Les thérapies comportementales combinent des modèles d’apprentissage variés pour expliquer et modifier les comportements problématiques, en utilisant des exercices actifs visant à réduire les symptômes.

2. Conditionnement classique

Notions clés & Définitions

  • Conditionnement classique : Forme d'apprentissage où un stimulus neutre (SN) devient capable de déclencher une réponse (réponse conditionnelle) après avoir été associé à un stimulus inconditionnel (SI) qui provoque une réponse inconditionnelle (Réponse inconditionnelle). Pavlov (1890) a été le pionnier de cette théorie.

  • Stimulus neutre (SN) : Stimulus qui, au départ, ne provoque aucune réponse spécifique. Il devient un stimulus conditionné après association avec un stimulus inconditionnel. Pavlov a utilisé ce concept dans ses expériences avec les chiens.

  • Stimulus inconditionnel (SI) : Stimulus qui, sans apprentissage préalable, déclenche une réponse réflexe (réponse inconditionnelle). Par exemple, la nourriture qui provoque la salivation chez le chien.

  • Réponse inconditionnelle : Réaction réflexe déclenchée naturellement par un stimulus inconditionnel, sans apprentissage préalable. Exemple : salivation en réponse à la nourriture.

  • Conditionnement pavlovien : Processus par lequel un stimulus neutre devient un stimulus conditionnel capable de provoquer une réponse conditionnelle après association répétée avec un stimulus inconditionnel. Pavlov (1890) a illustré ce processus avec ses expériences sur les chiens.

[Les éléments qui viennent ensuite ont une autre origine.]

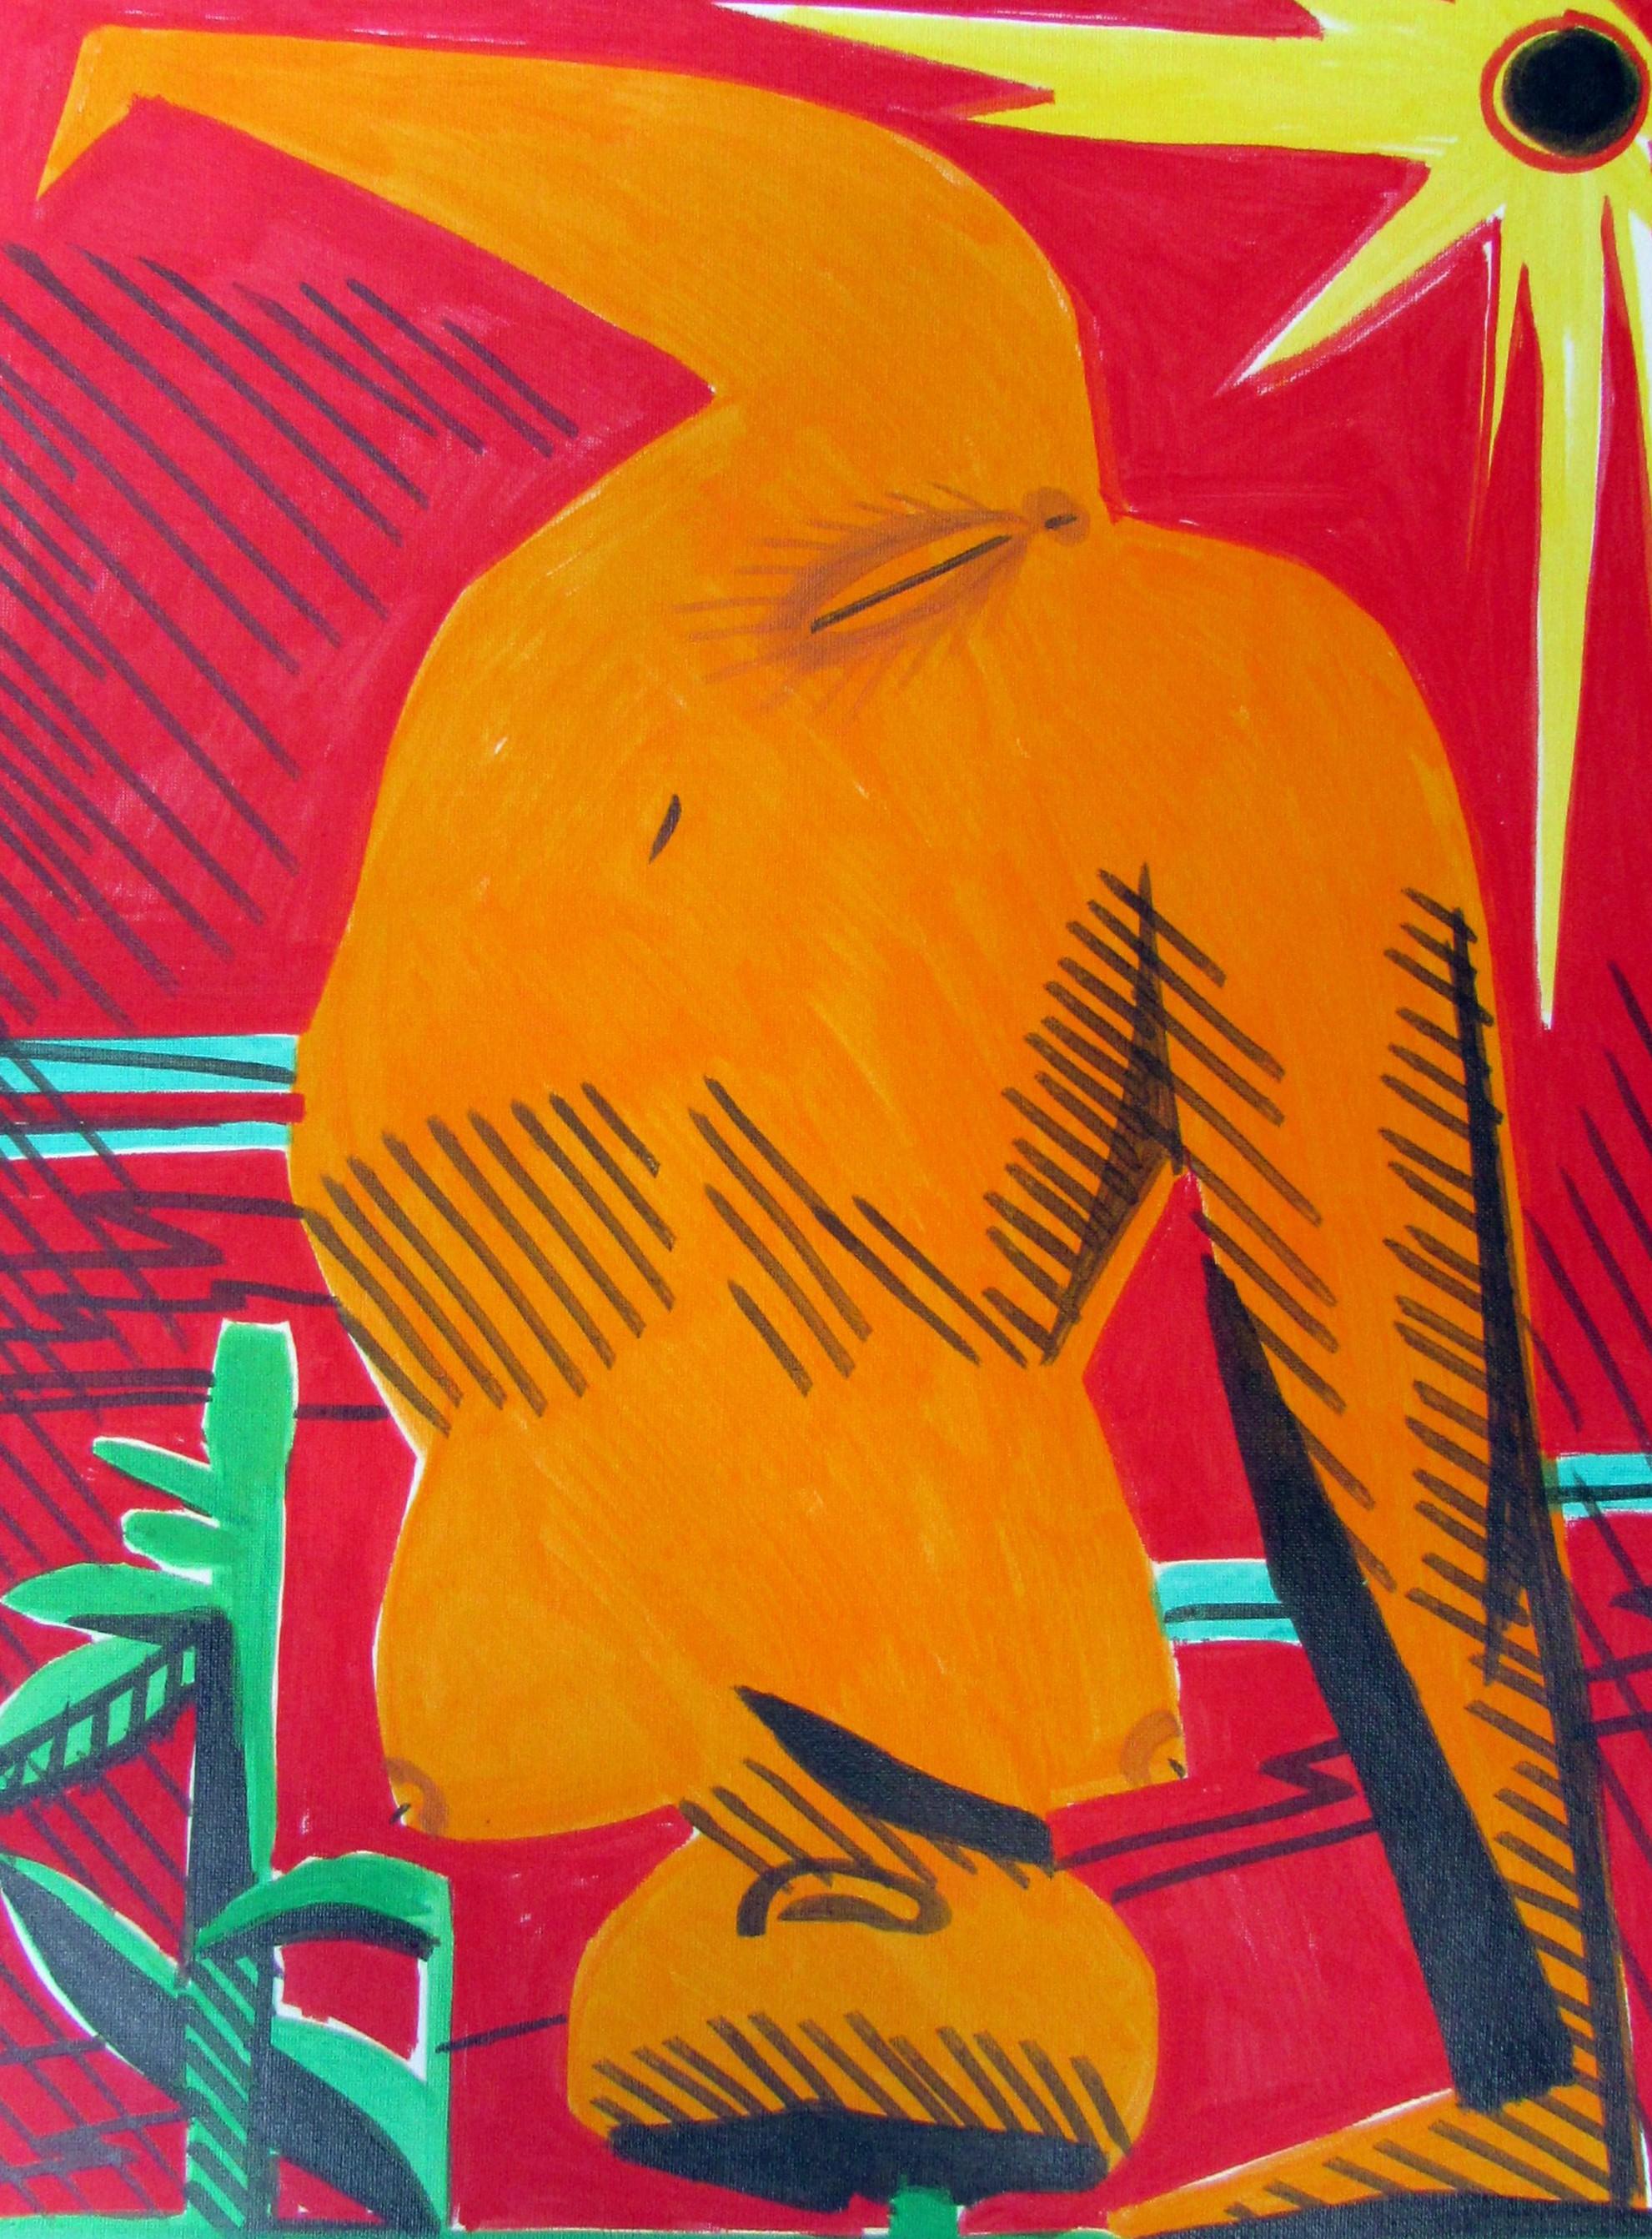 Seltsame Frauen V - Zeitgenössisch, Akt, Weiblich, Sonne, Orange, Rot, Figurative Kunst – Painting von Alexandru Rădvan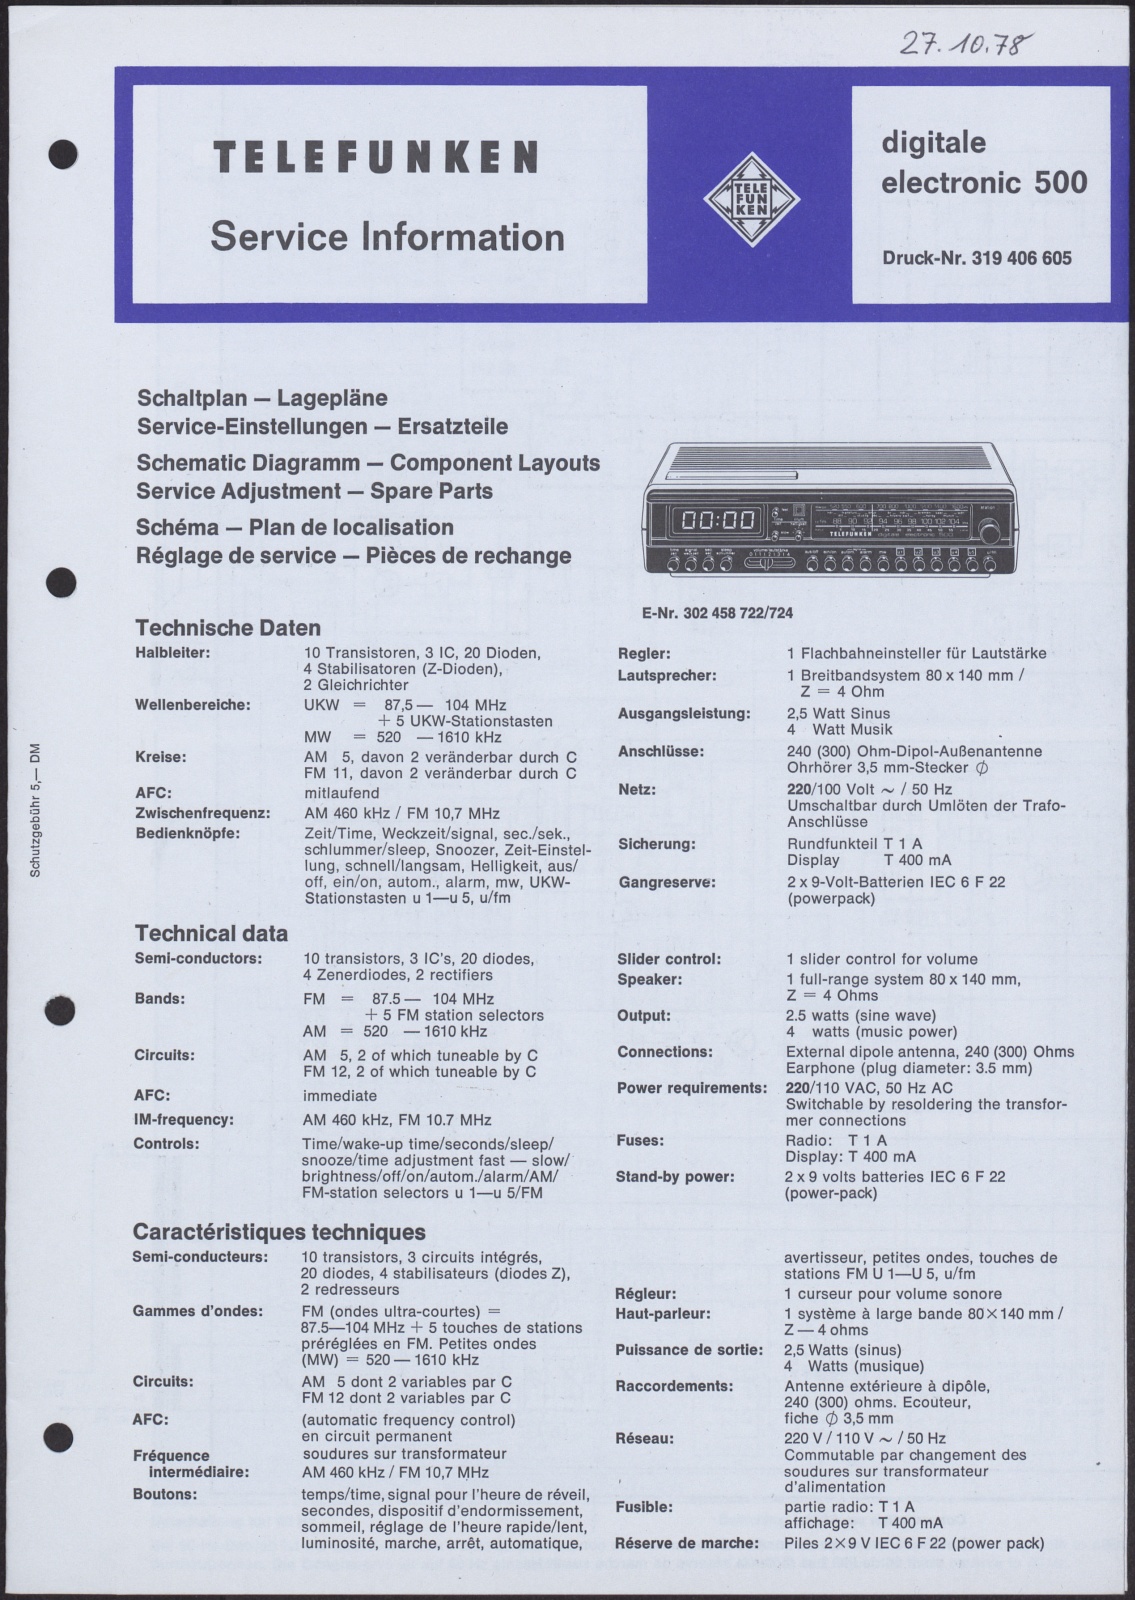 Bedienungsanleitung: Telefunken Service Information digitale electronic 500 (Stiftung Deutsches Technikmuseum Berlin CC0)

  • Expérience du petit Albert : Étude menée par Watson (1920) pour conditionner une peur chez un bébé en associant un stimulus neutre (rat blanc) à un stimulus effrayant (son fort), entraînant une réponse de peur généralisée.

Points essentiels

  • Le conditionnement classique repose sur l’association répétée entre un stimulus neutre (SN) et un stimulus inconditionnel (SI).
  • Après plusieurs associations, le SN devient un stimulus conditionnel capable de déclencher une réponse conditionnelle, semblable à la réponse inconditionnelle.
  • La réponse conditionnelle (RC) est une réaction apprise, différente de la réponse inconditionnelle (RIC), qui est réflexe.
  • L’expérience du petit Albert montre que ce processus peut s’appliquer chez l’humain, en conditionnant des réponses de peur.
  • Pavlov a découvert que chez l’animal, la salivation pouvait être conditionnée par un stimulus neutre (cloche) associé à la nourriture.
  • La généralisation peut survenir lorsque la réponse conditionnée se produit aussi à des stimuli semblables au stimulus conditionnel.

À retenir

Le conditionnement pavlovien montre que des réponses réflexes peuvent être modifiées ou créées par l’association répétée d’un stimulus neutre à un stimulus inconditionnel, permettant d’expliquer l’apprentissage de comportements automatiques.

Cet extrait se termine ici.